* _Task instructions_
Your copy of the data below must be exact and must leave out all pictures.

* _Information provided_
^^^^

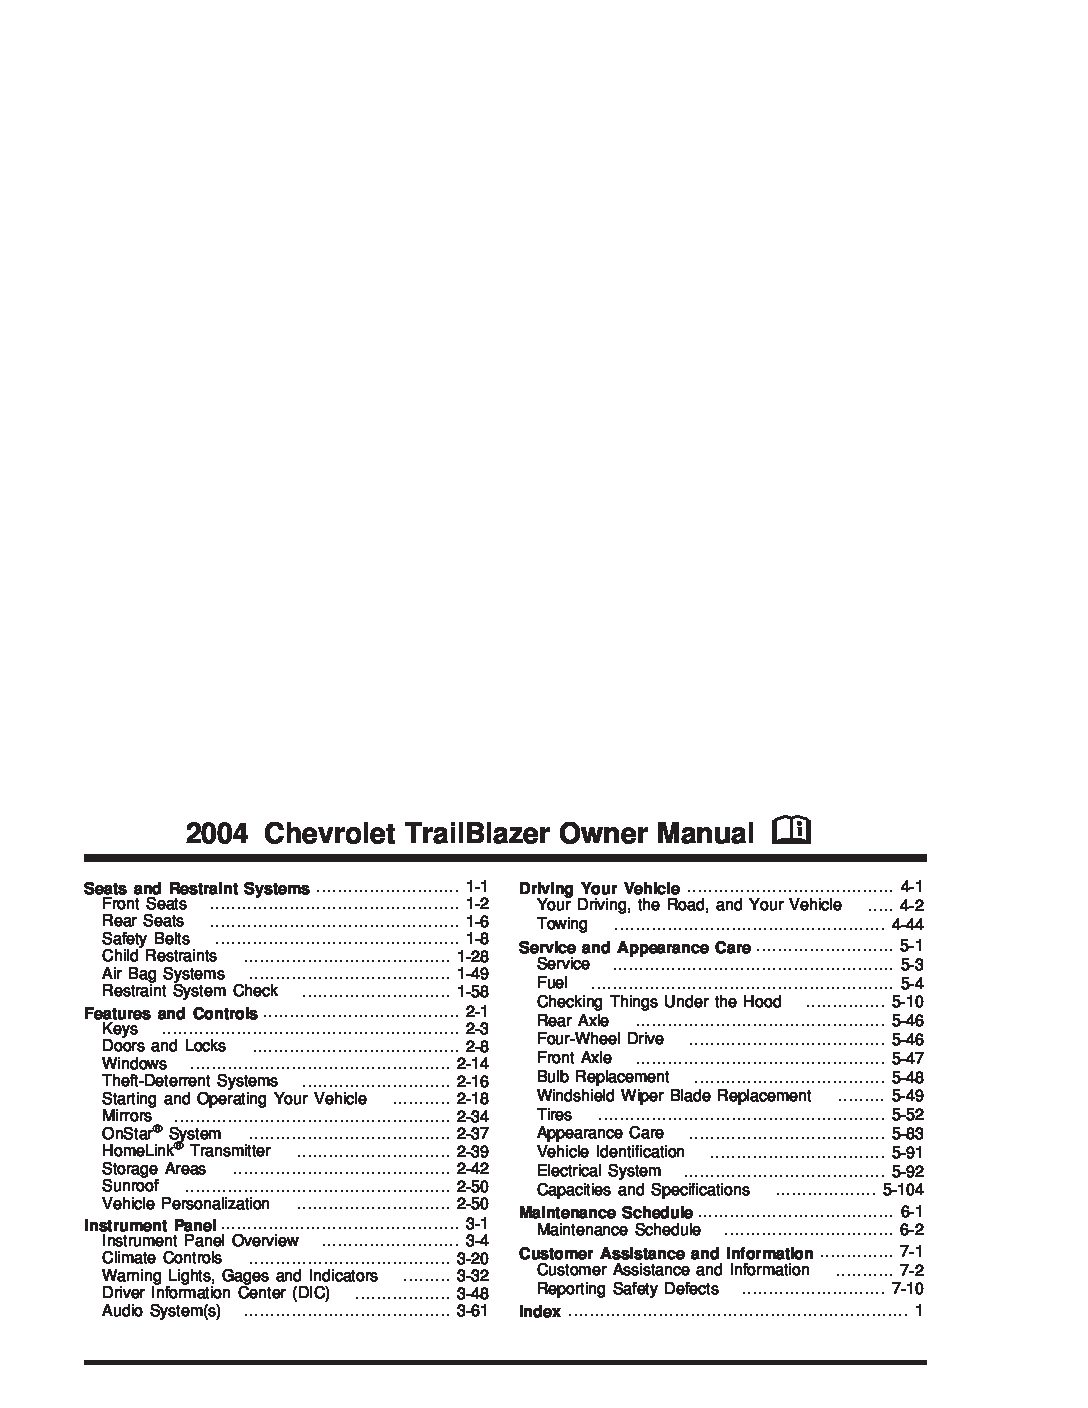 2004 Chevrolet Trailblazer Owner’s Manual Image
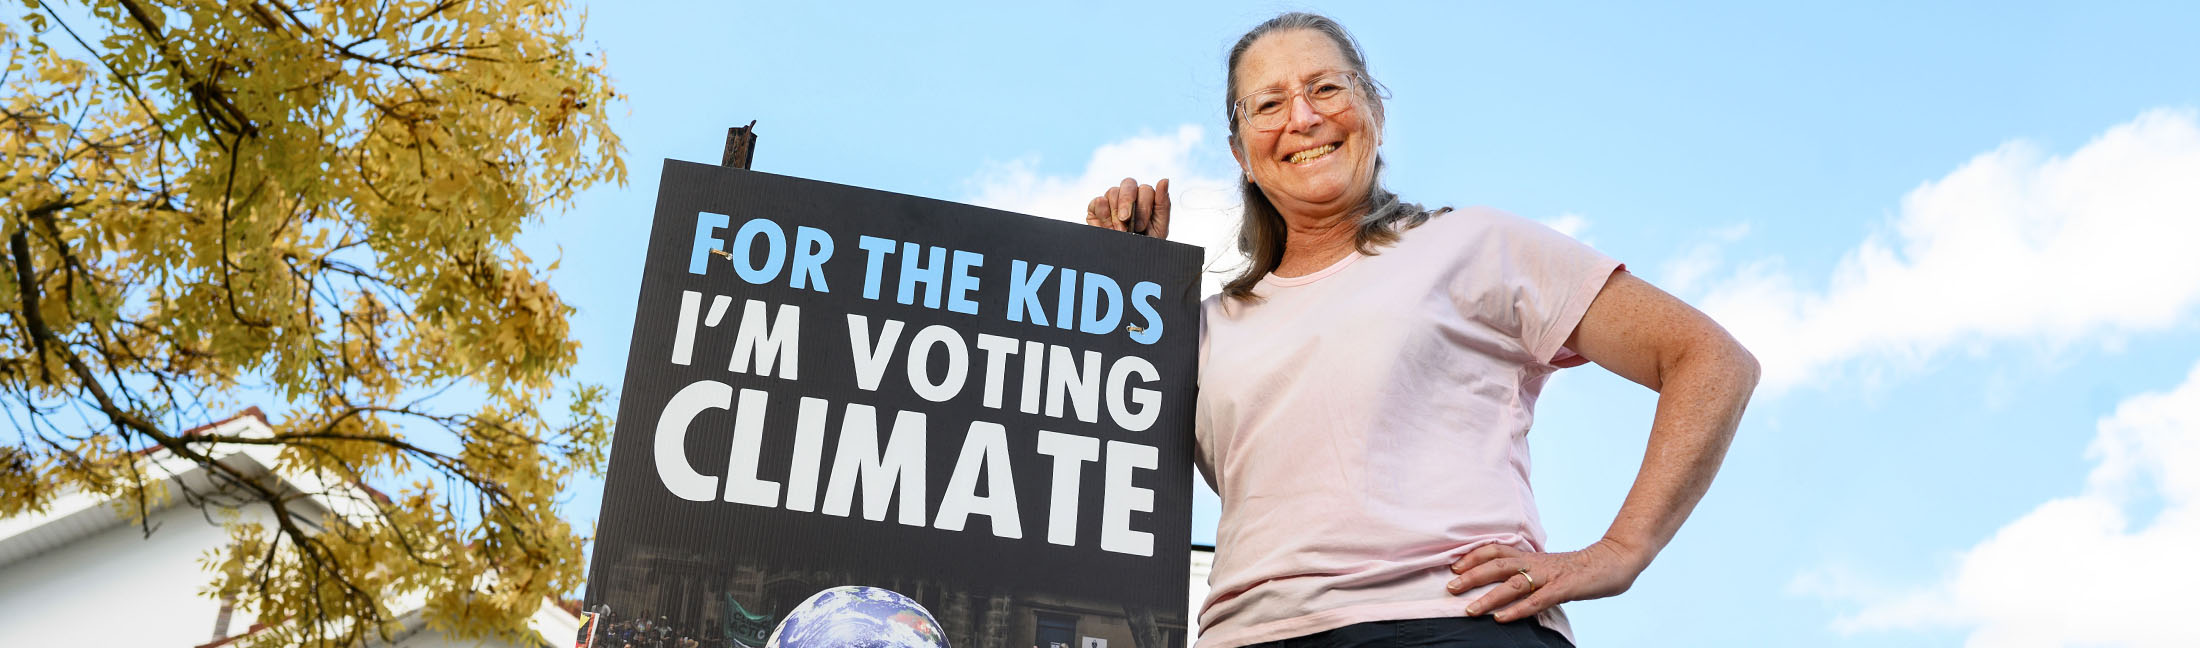 Vote Climate Neighbours Glen Iris Alison Wright
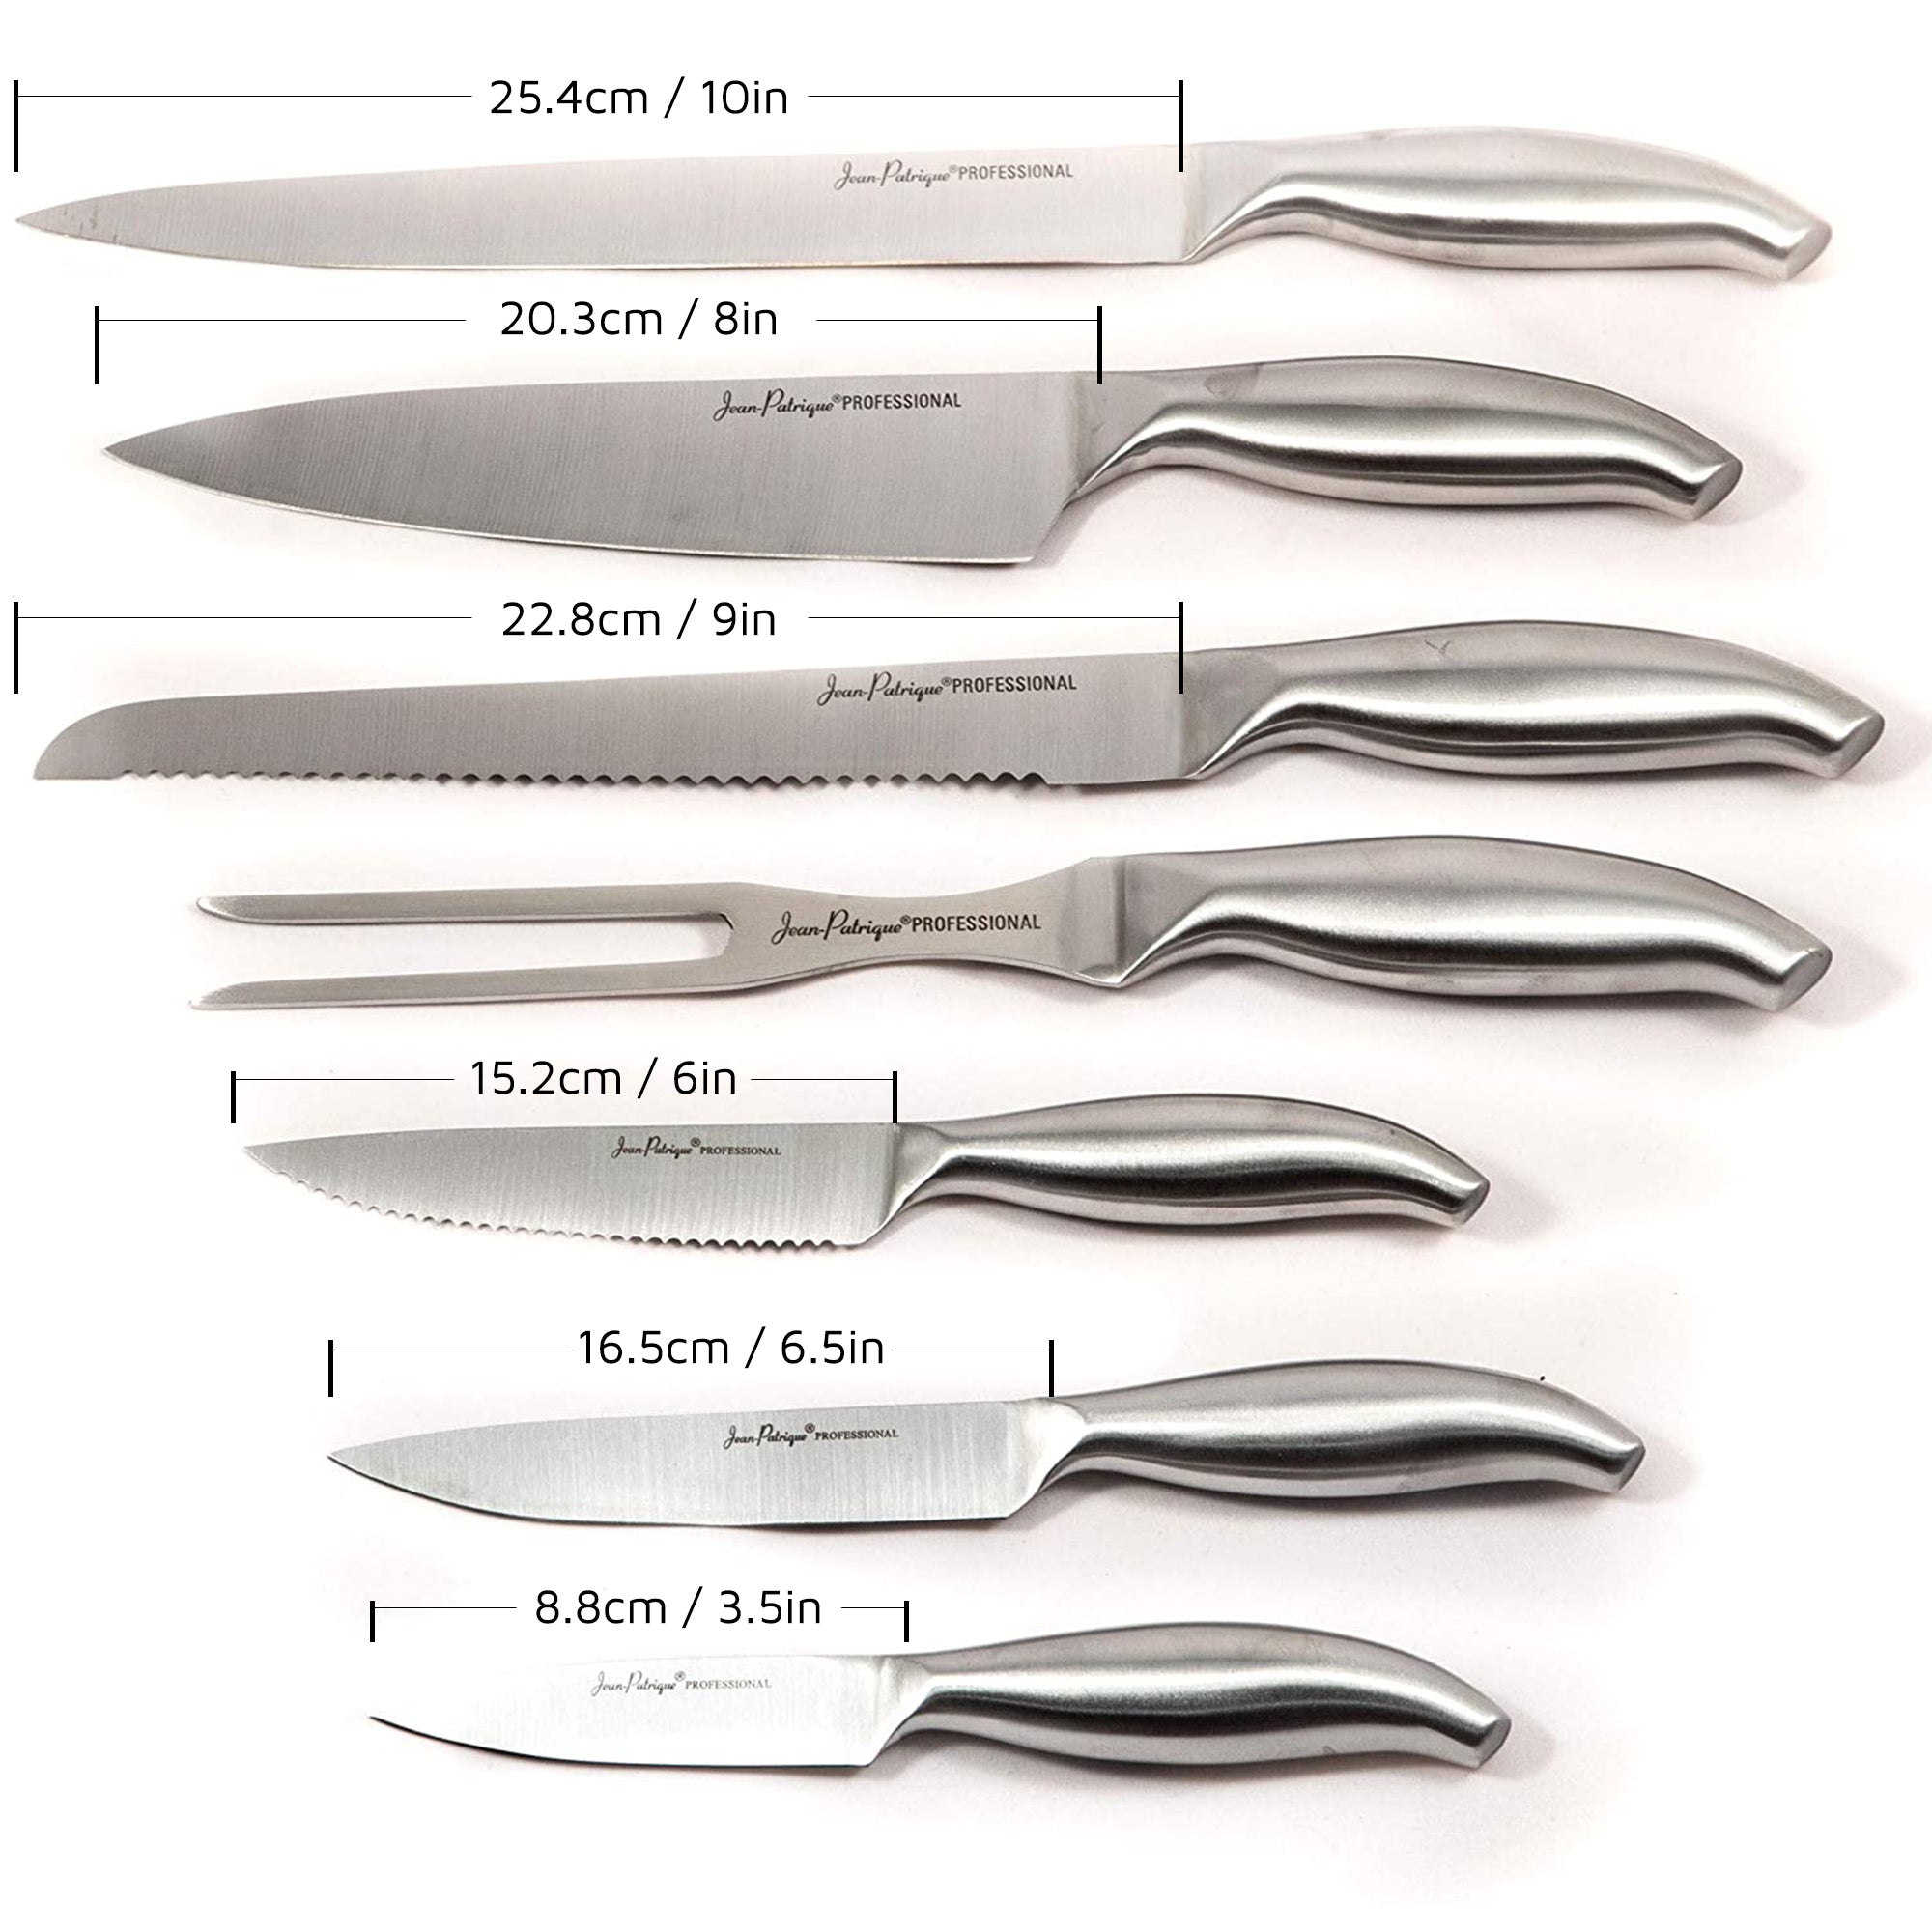 The Whole Family Knife Set

^^^^

* _Response to this task_
 2004 Chevrolet Trailblazer Owner’s Manual Image
 Vote Climate Neighbours Glen Iris Alison Wright
 The Whole Family Knife Set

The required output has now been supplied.